Assignment: From the line containing "New Balance MC806W" down to the last line of the listing, quote everything word for word, and nothing else, keeping pictures out.

Data segment:
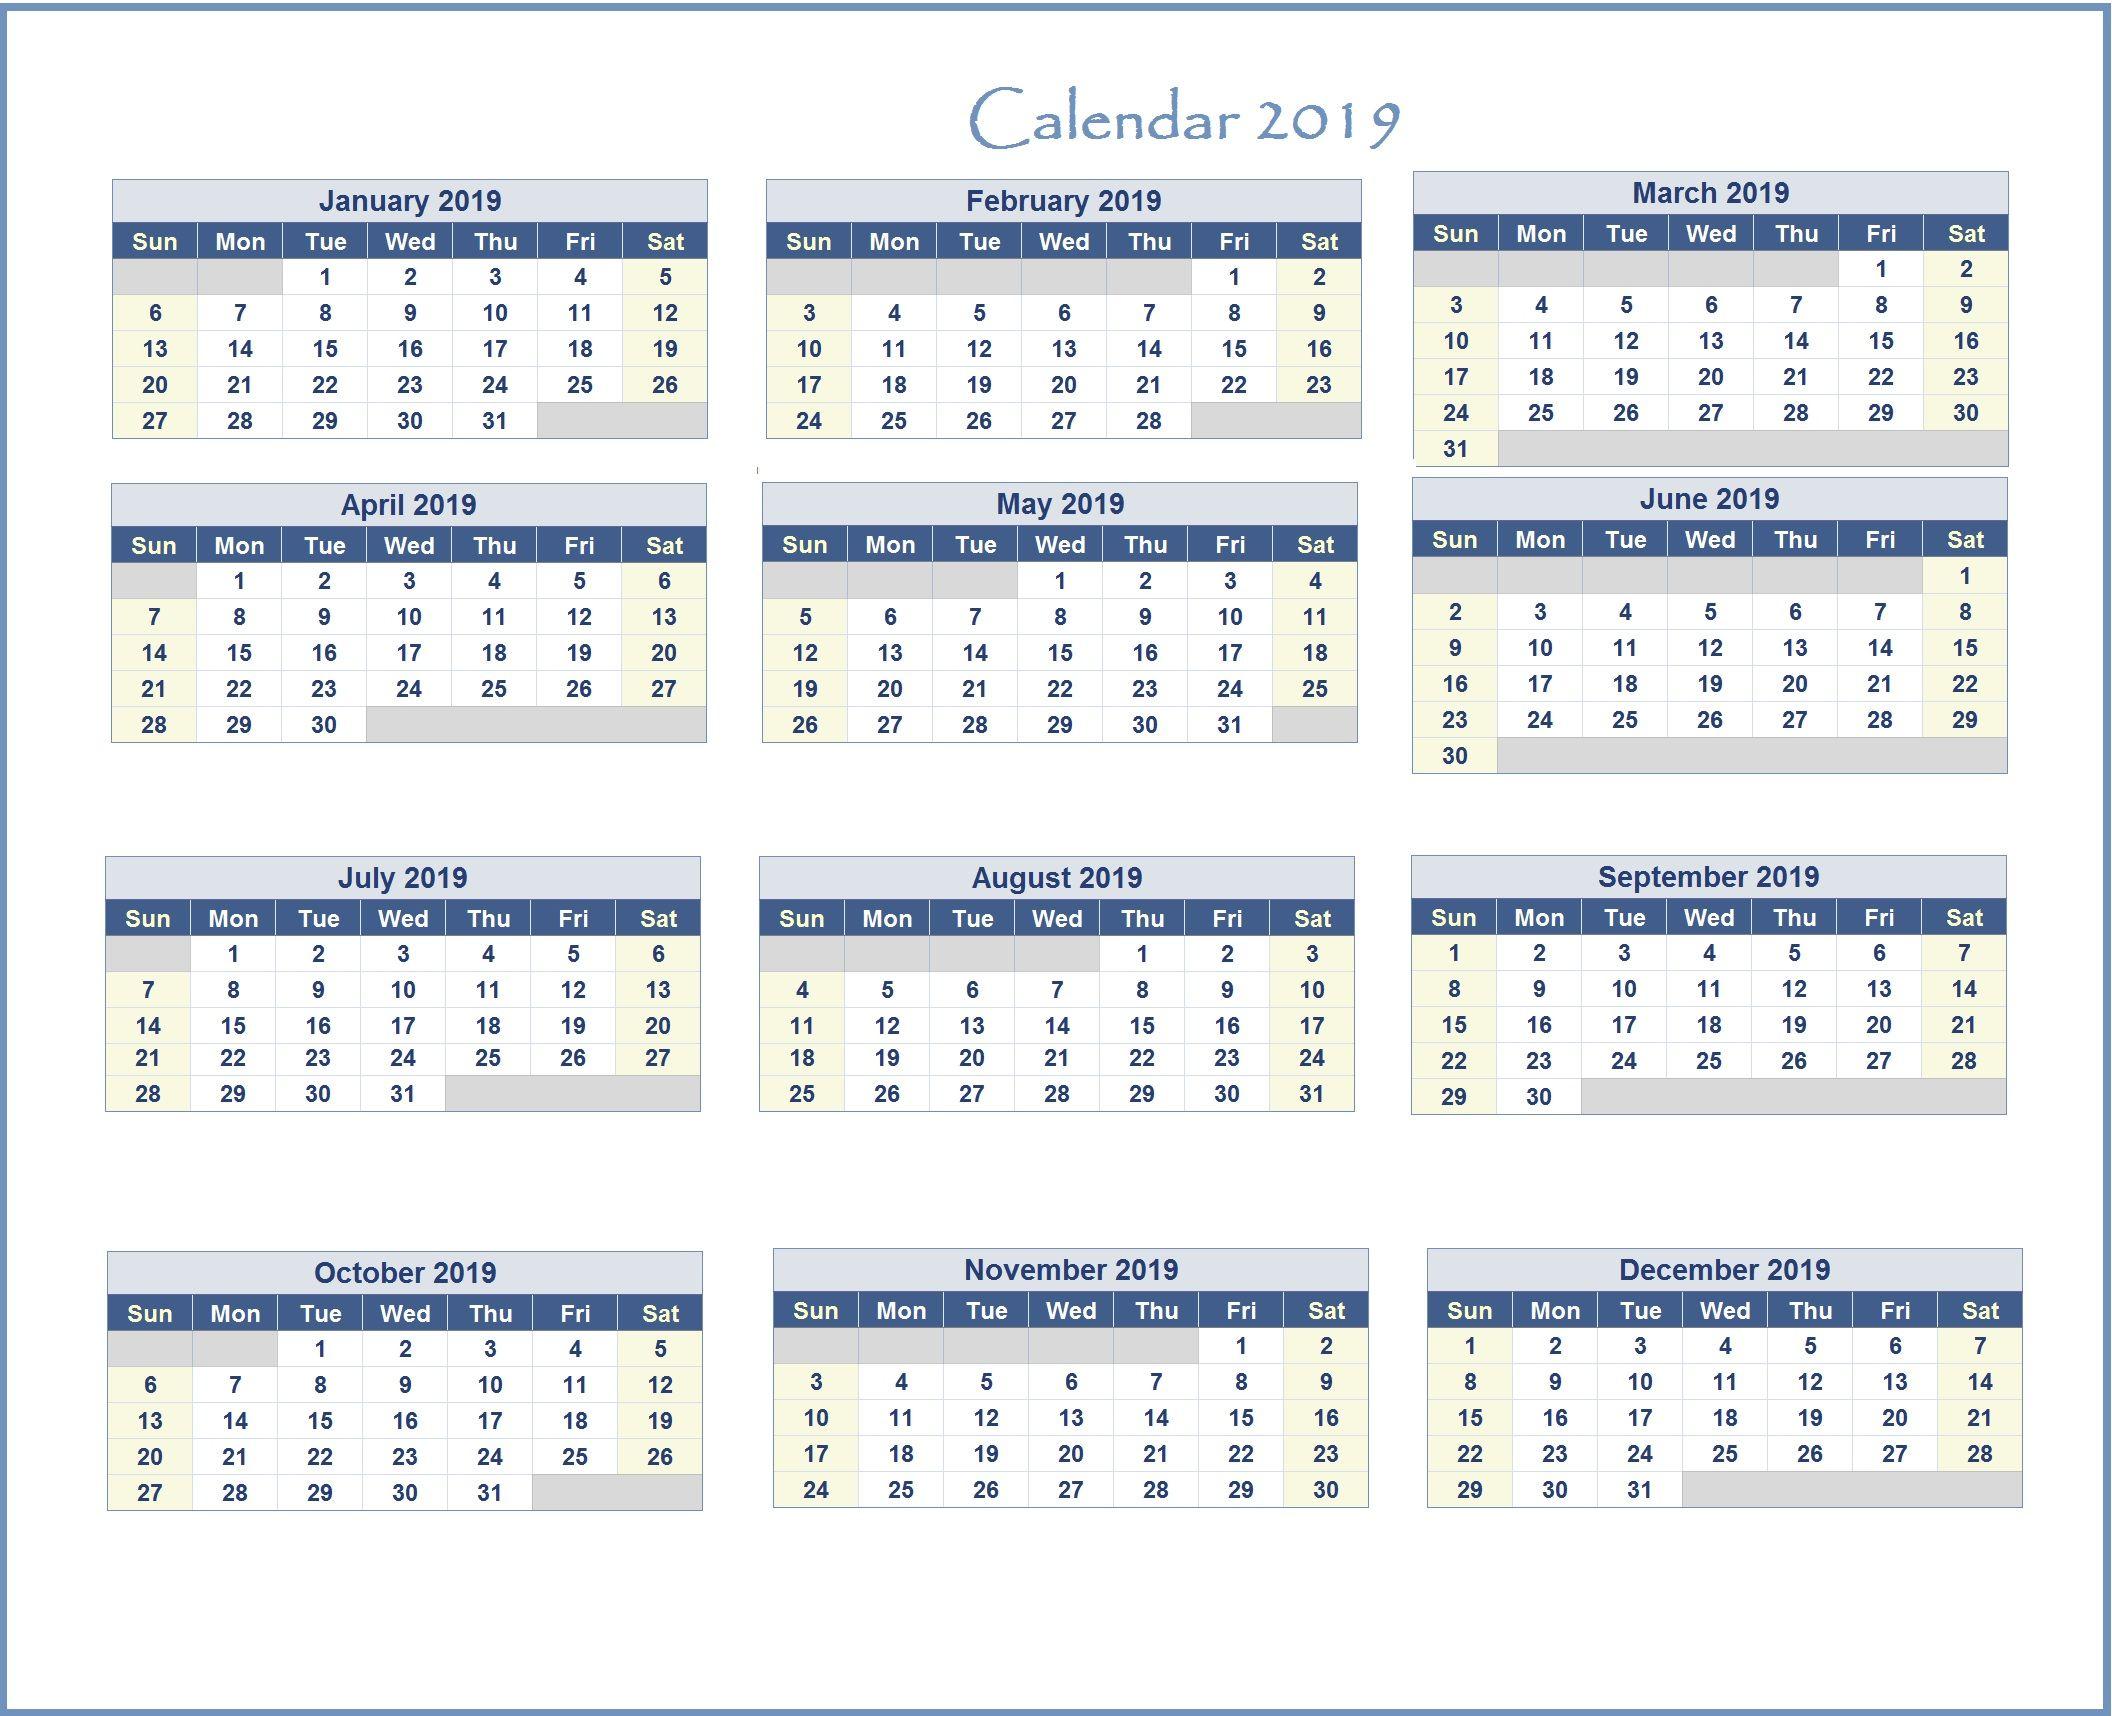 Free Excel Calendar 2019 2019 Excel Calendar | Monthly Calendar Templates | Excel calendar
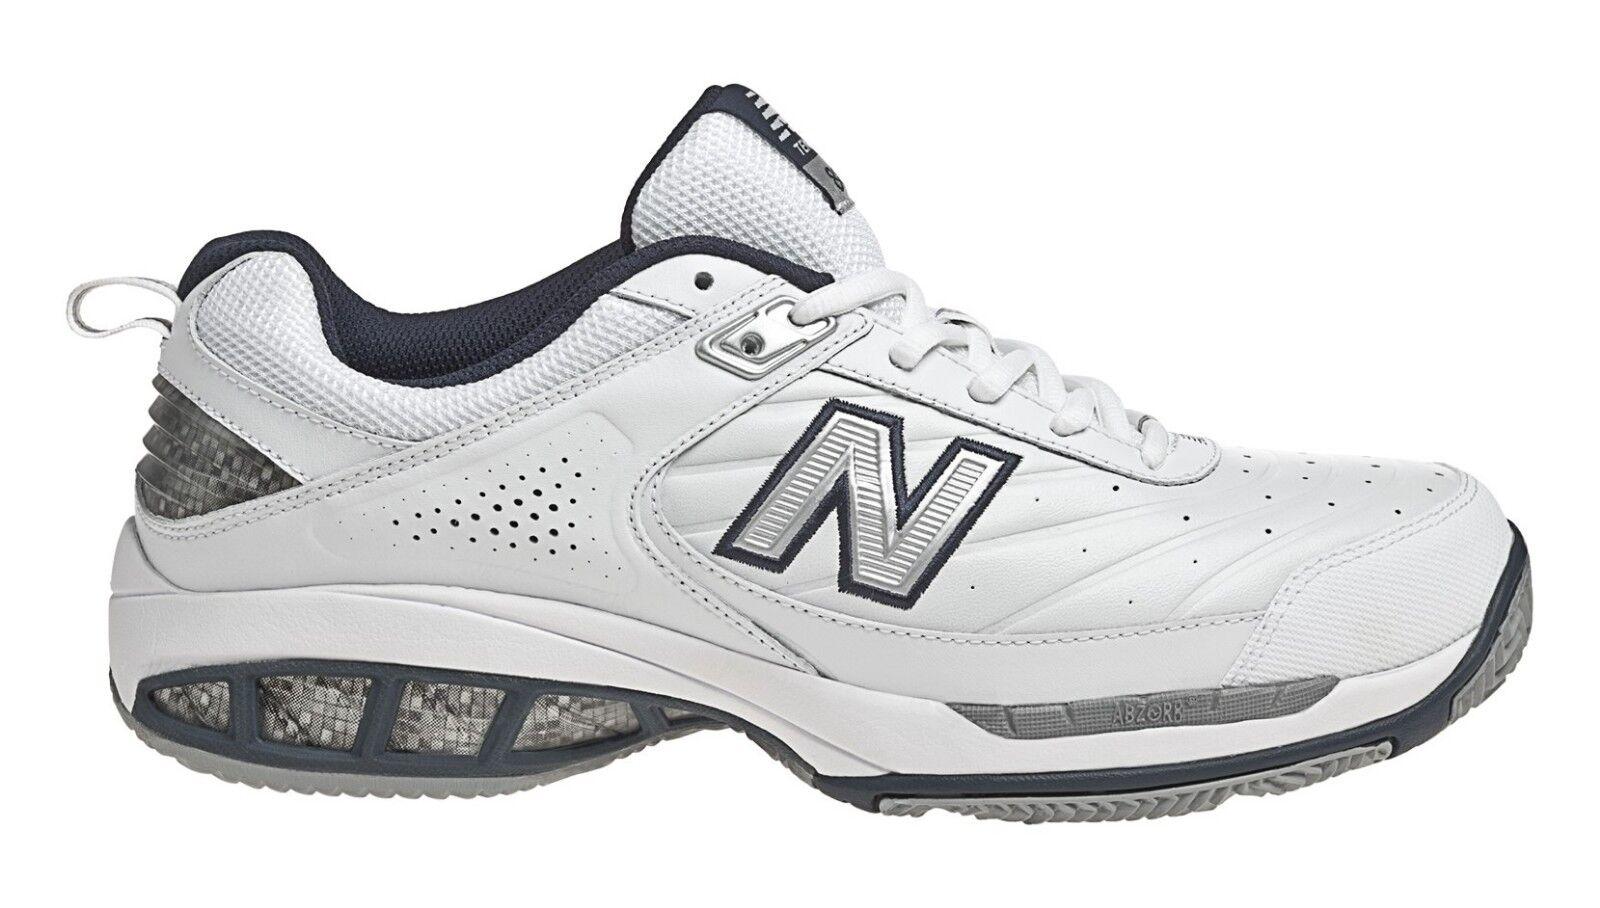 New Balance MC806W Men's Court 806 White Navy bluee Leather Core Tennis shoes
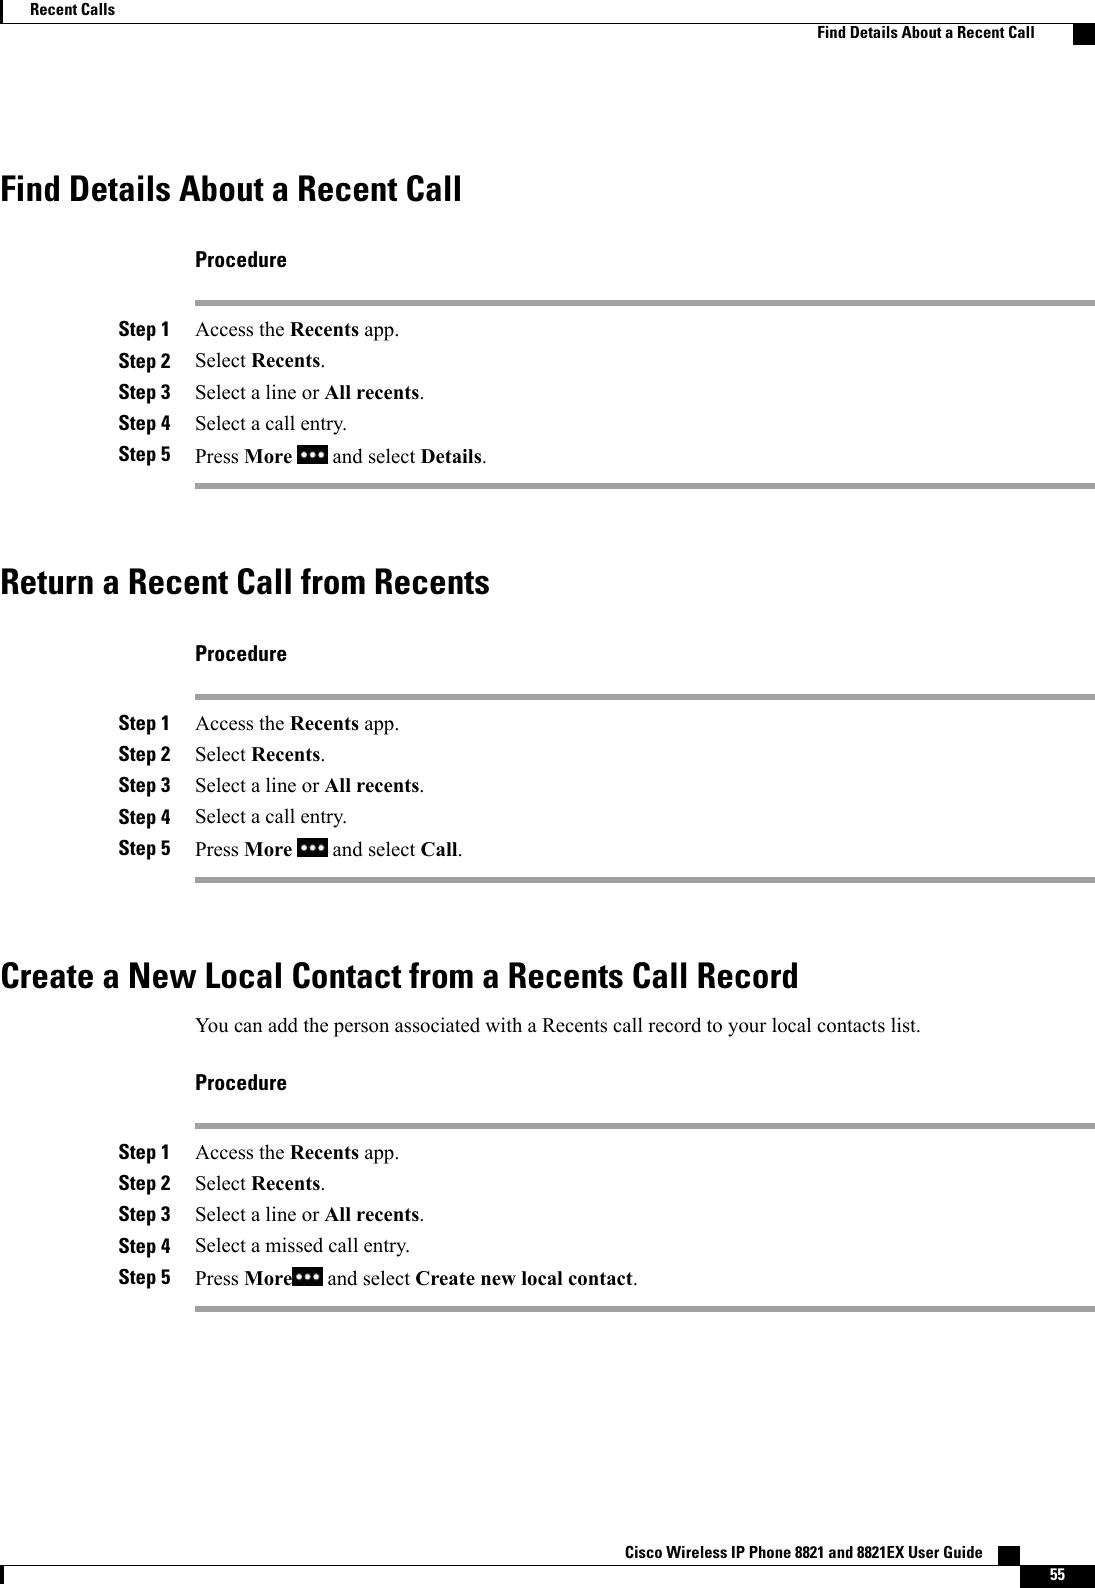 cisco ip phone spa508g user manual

Answer to the problem:
 New Balance MC806W Men's Court 806 White Navy bluee Leather Core Tennis shoes
 cisco ip phone spa508g user manual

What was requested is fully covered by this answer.